§ INFORMATION SHOWN:
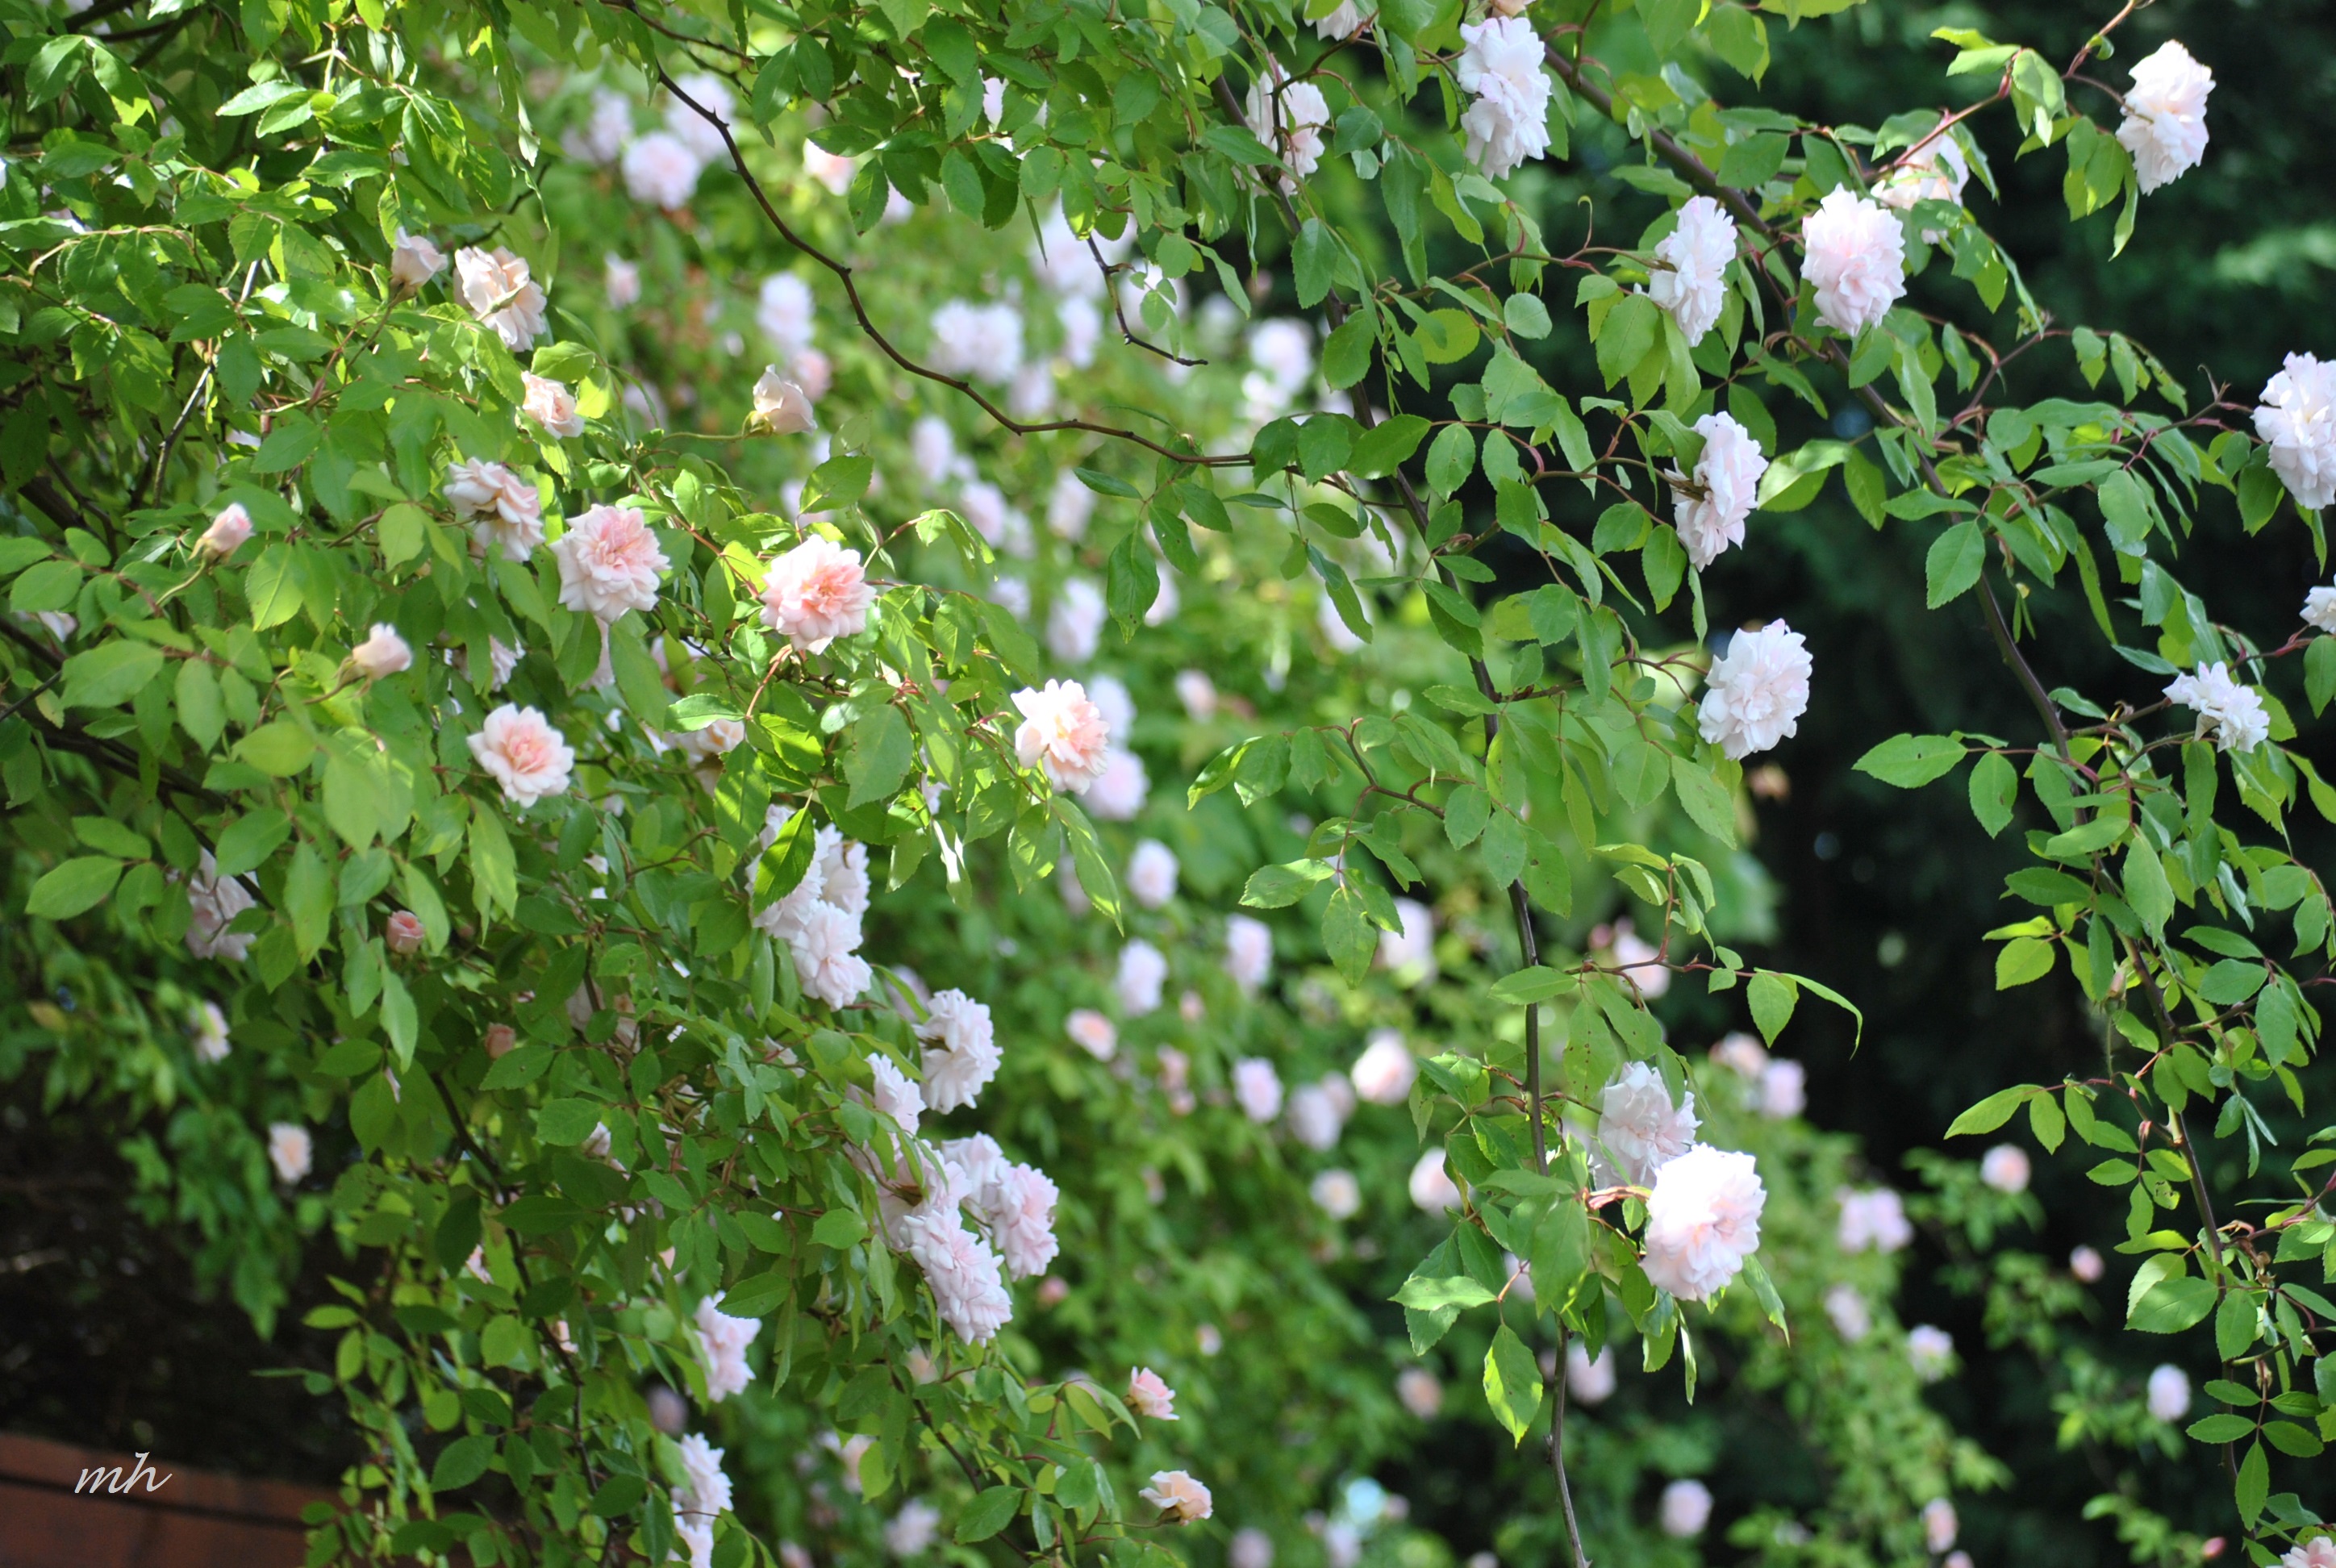 Hoa Tường Vi trắng đẹp như hoa hồng
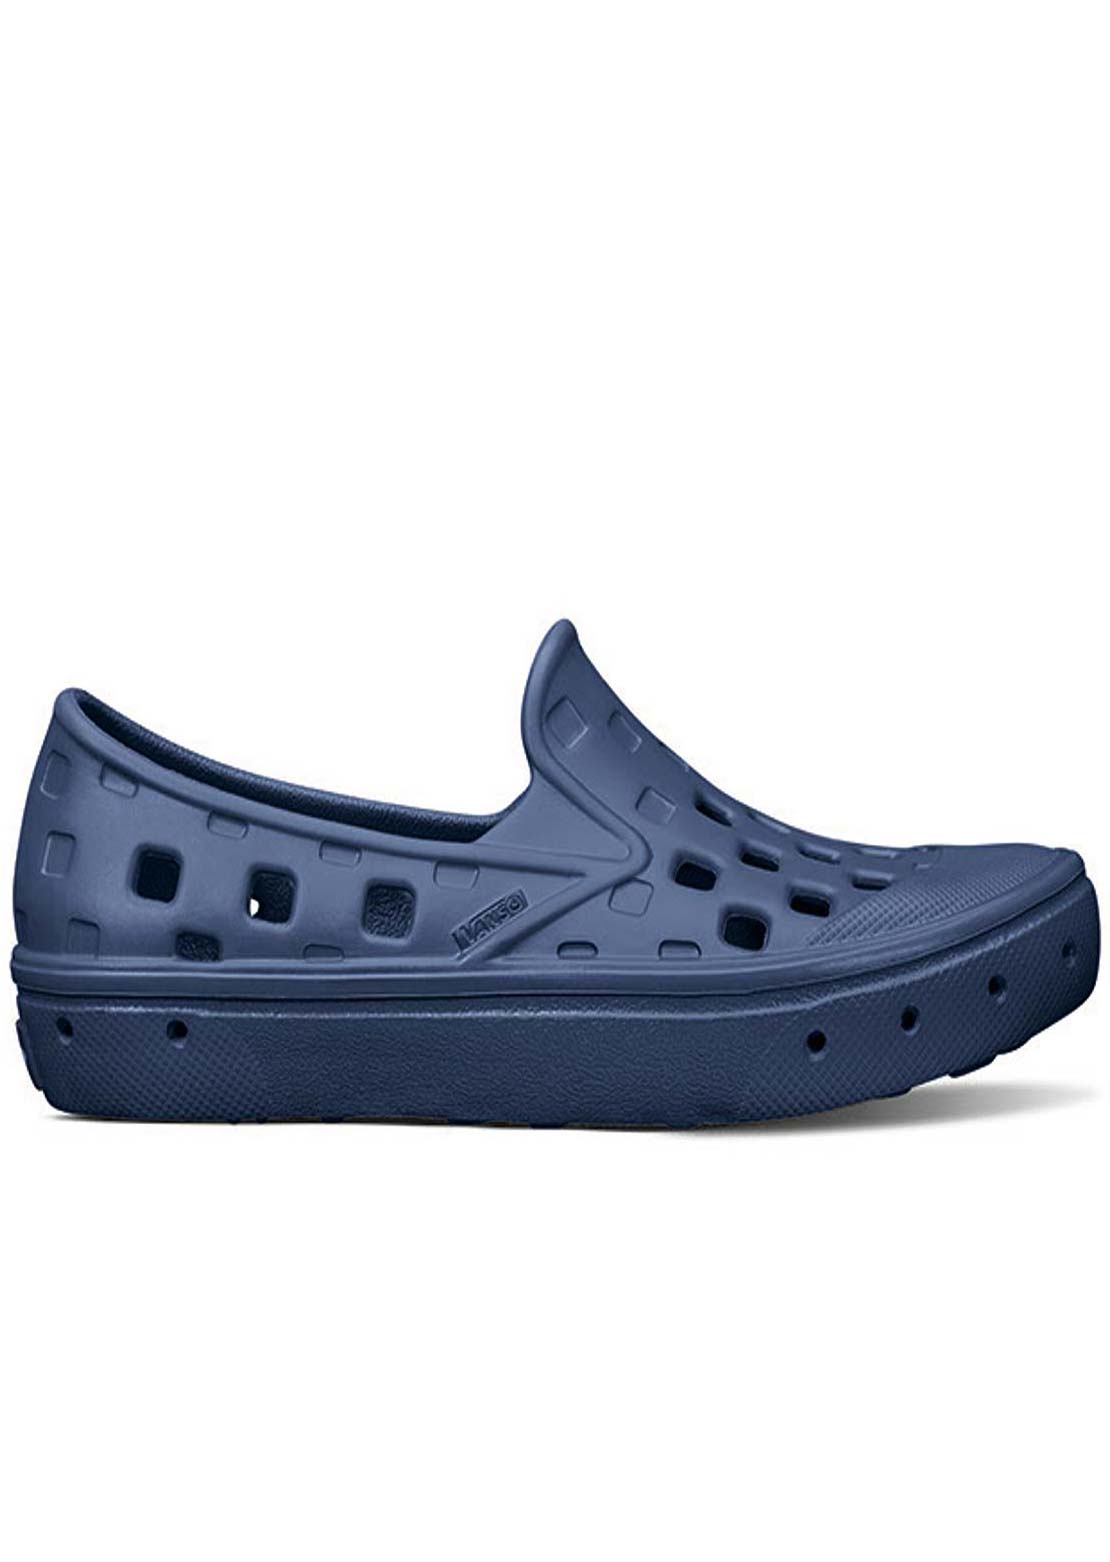 Vans Toddler Slip-On Trek Shoes Navy
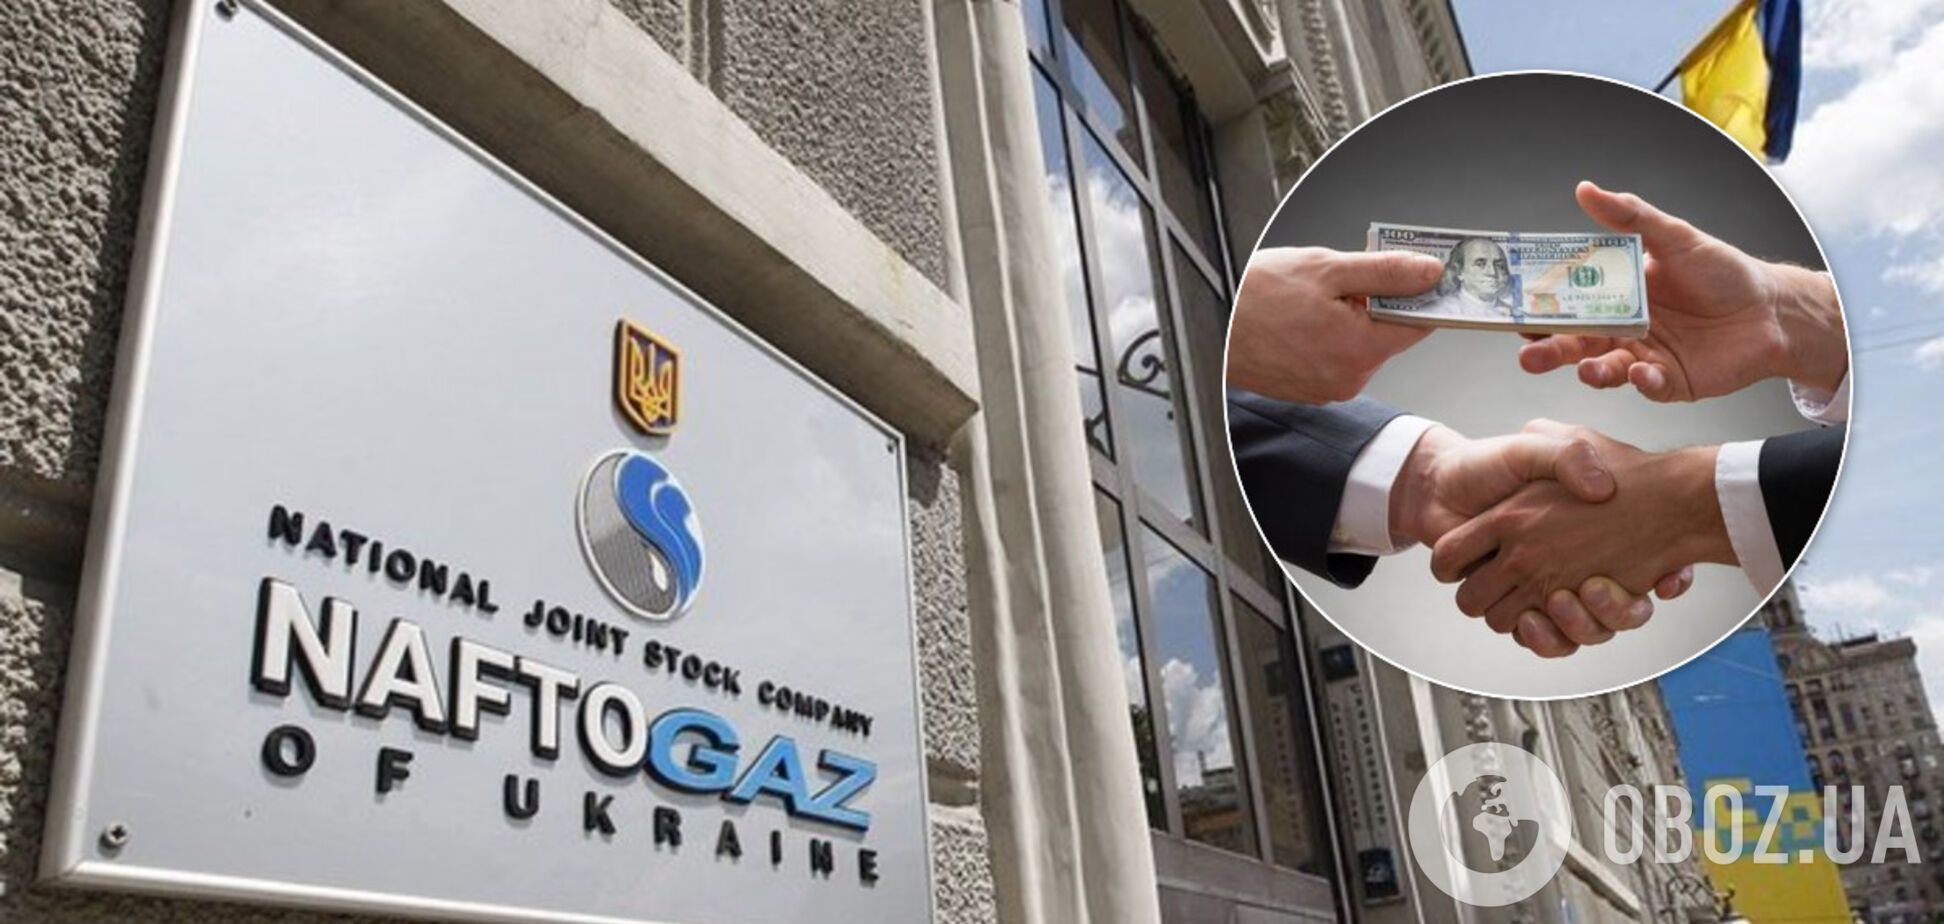 Уволенный топ-менеджер 'Нафтогаза' рассказал о масштабной коррупции в компании

§ WHAT IS REQUIRED:
Pictures are to be omitted from the copy. Reproduce exactly, and only, the lines from the one containing "Vans Toddler Slip-On Trek Shoes Navy" to the end of the listing above.

§ WRITTEN RESPONSE:
 Vans Toddler Slip-On Trek Shoes Navy
 Уволенный топ-менеджер 'Нафтогаза' рассказал о масштабной коррупции в компании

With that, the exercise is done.